Growing enough food to feed your family for a year

Here’s a challenge more and more yard farmers are considering these days: Feed your family for a year on things you grow.

What exactly does that mean, though? Well, it could mean a number of things.gardenbed

Some people attempt to go the pioneer route: Only eat what you grow. Obviously, this is pretty hardcore. Unless you’ve got space to raise livestock, this option means you’re going vegan. It probably also means you’re not going to be eating many carbs (which isn’t necessarily a bad thing), unless you can grow enough grain to make dough with.

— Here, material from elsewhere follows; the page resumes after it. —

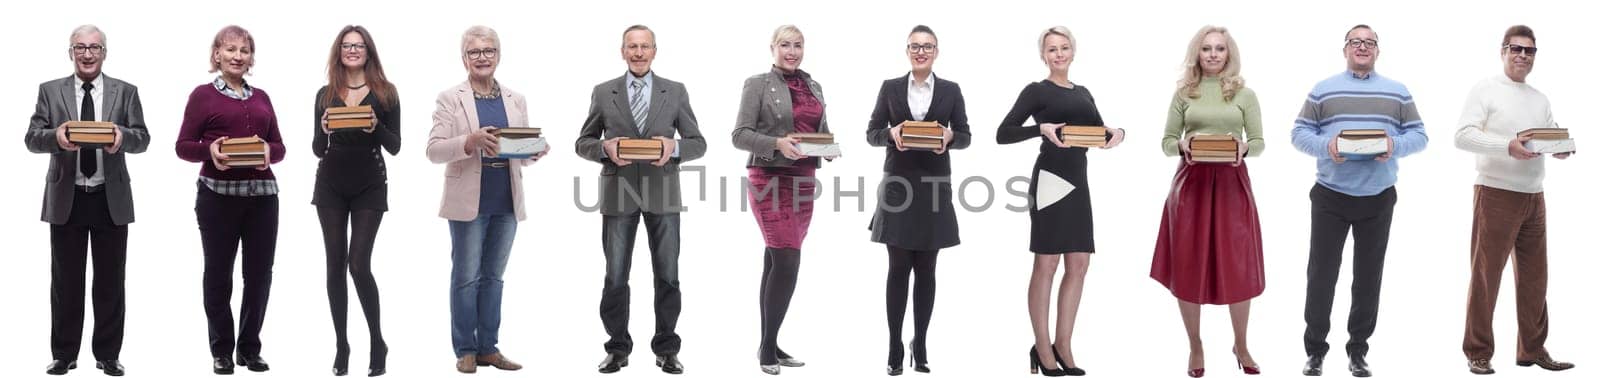 group of people holding books in hands isolated on white by asdf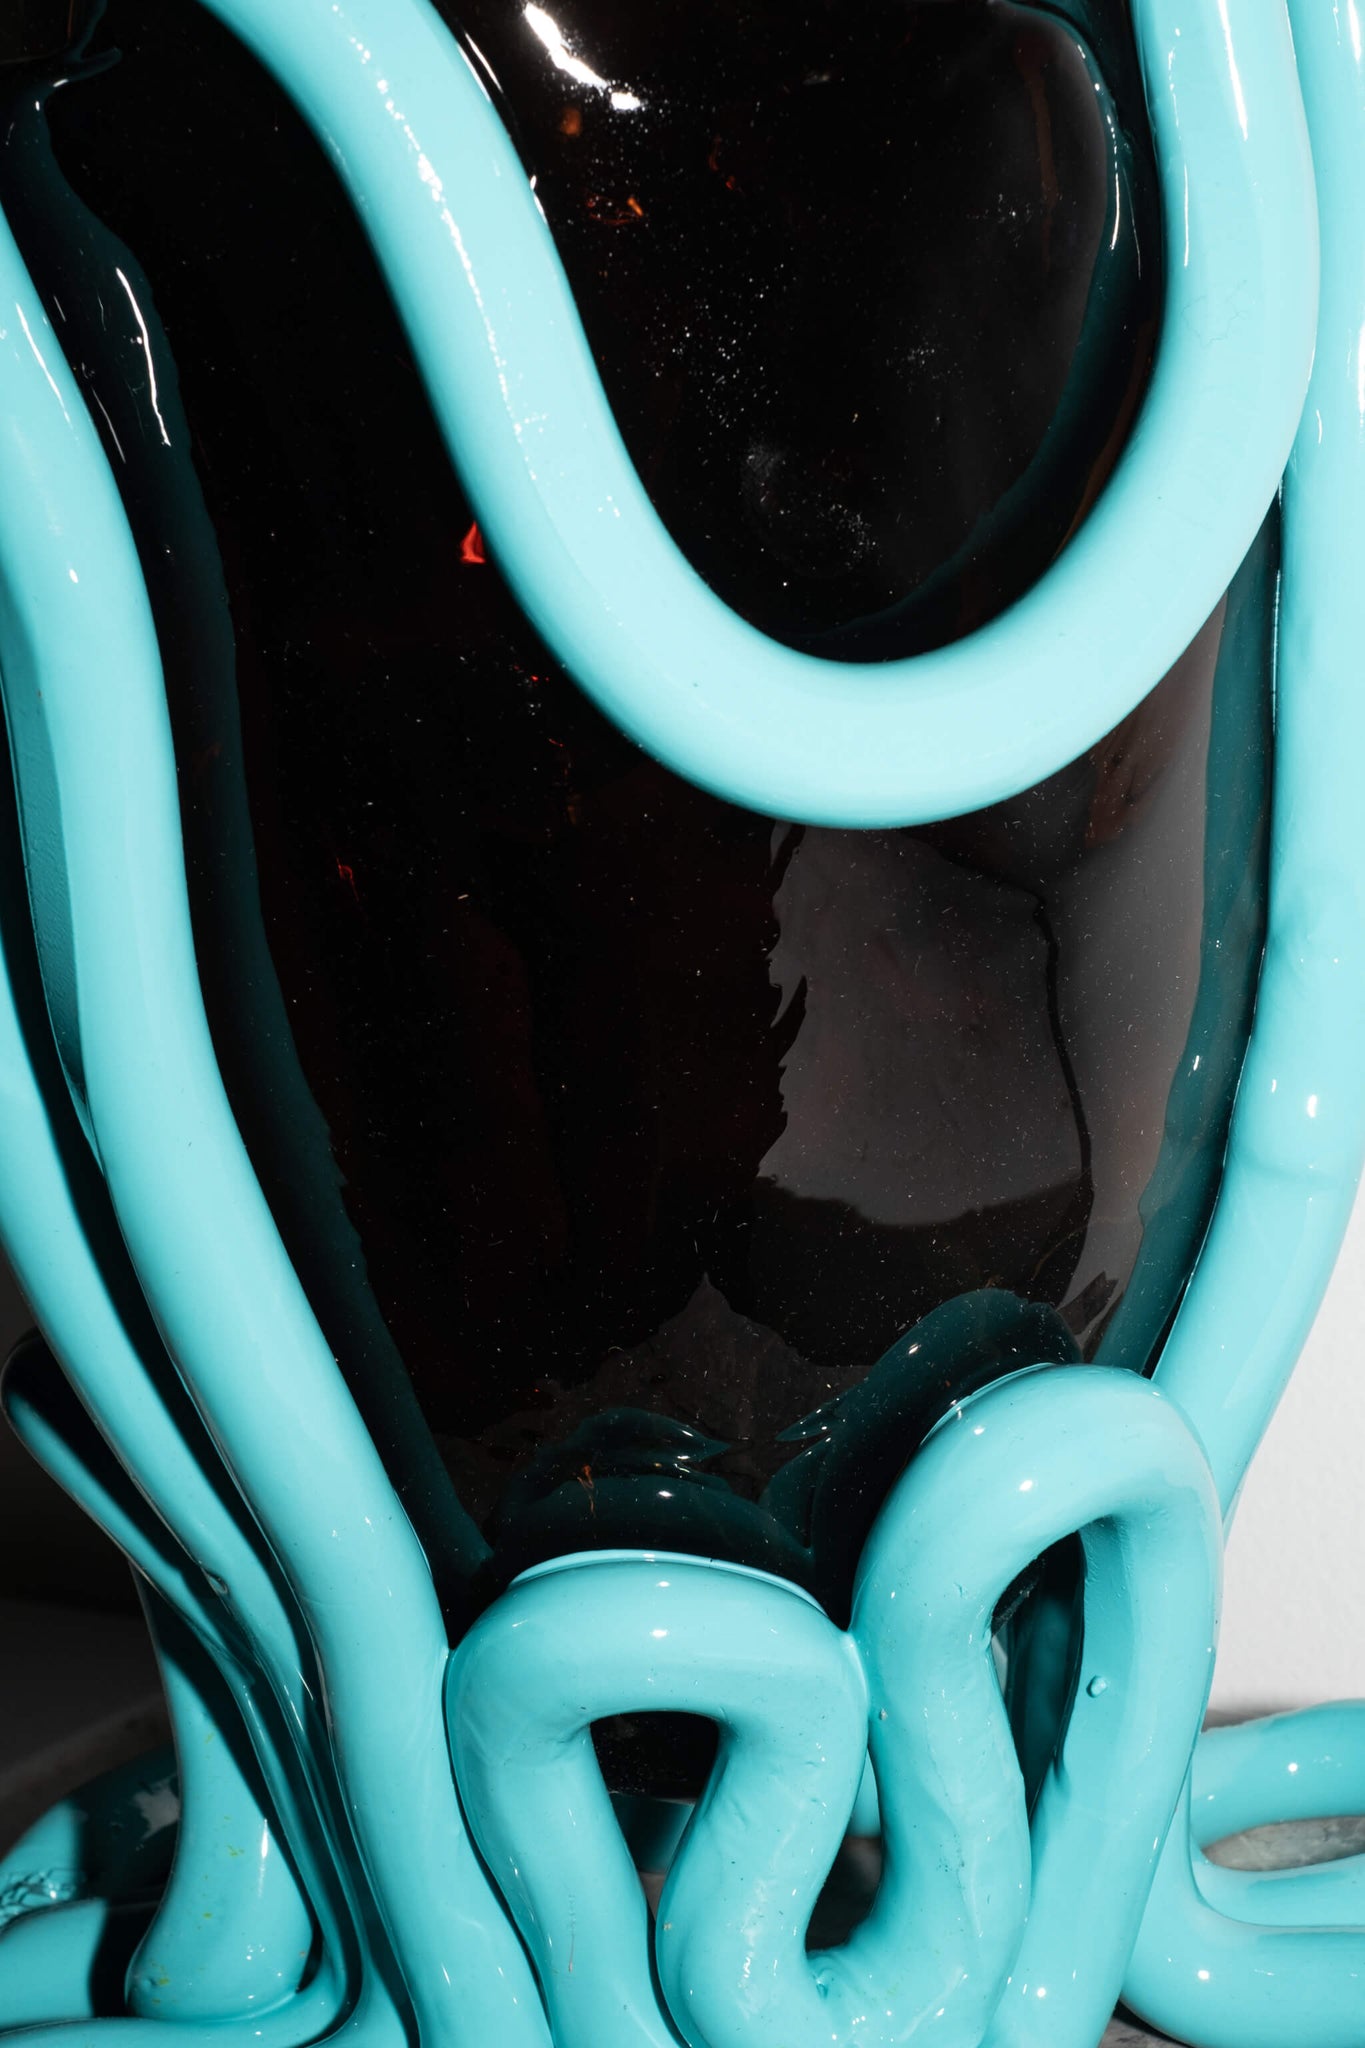 Fume & Turqouise Large Resin Indian Summer Vase by Gaetano Pesce for Fish Design, detail view

Other people go the route of only eating the fruits, vegetables and herbs they grow. This option means they can still purchase other things, like meat, dairy, bread, etc. This is entirely doable. Our family hasn’t quite made it to this point yet, but every year we’re getting closer and closer. What we aren’t able to grow, we try and buy from a local farmer. Unfortunately, our family is addicted to bananas, which means we still do have to buy some produce from the grocery store. But if you’re ready for a challenge, this is something that, with a little planning and sacrifice (and enough space), a backyard gardener in Metro Detroit could probably do. It would mean eating more things in-season, and also learning how to preserve foods (like corn or tomatoes or basil) so you could enjoy them in the winter.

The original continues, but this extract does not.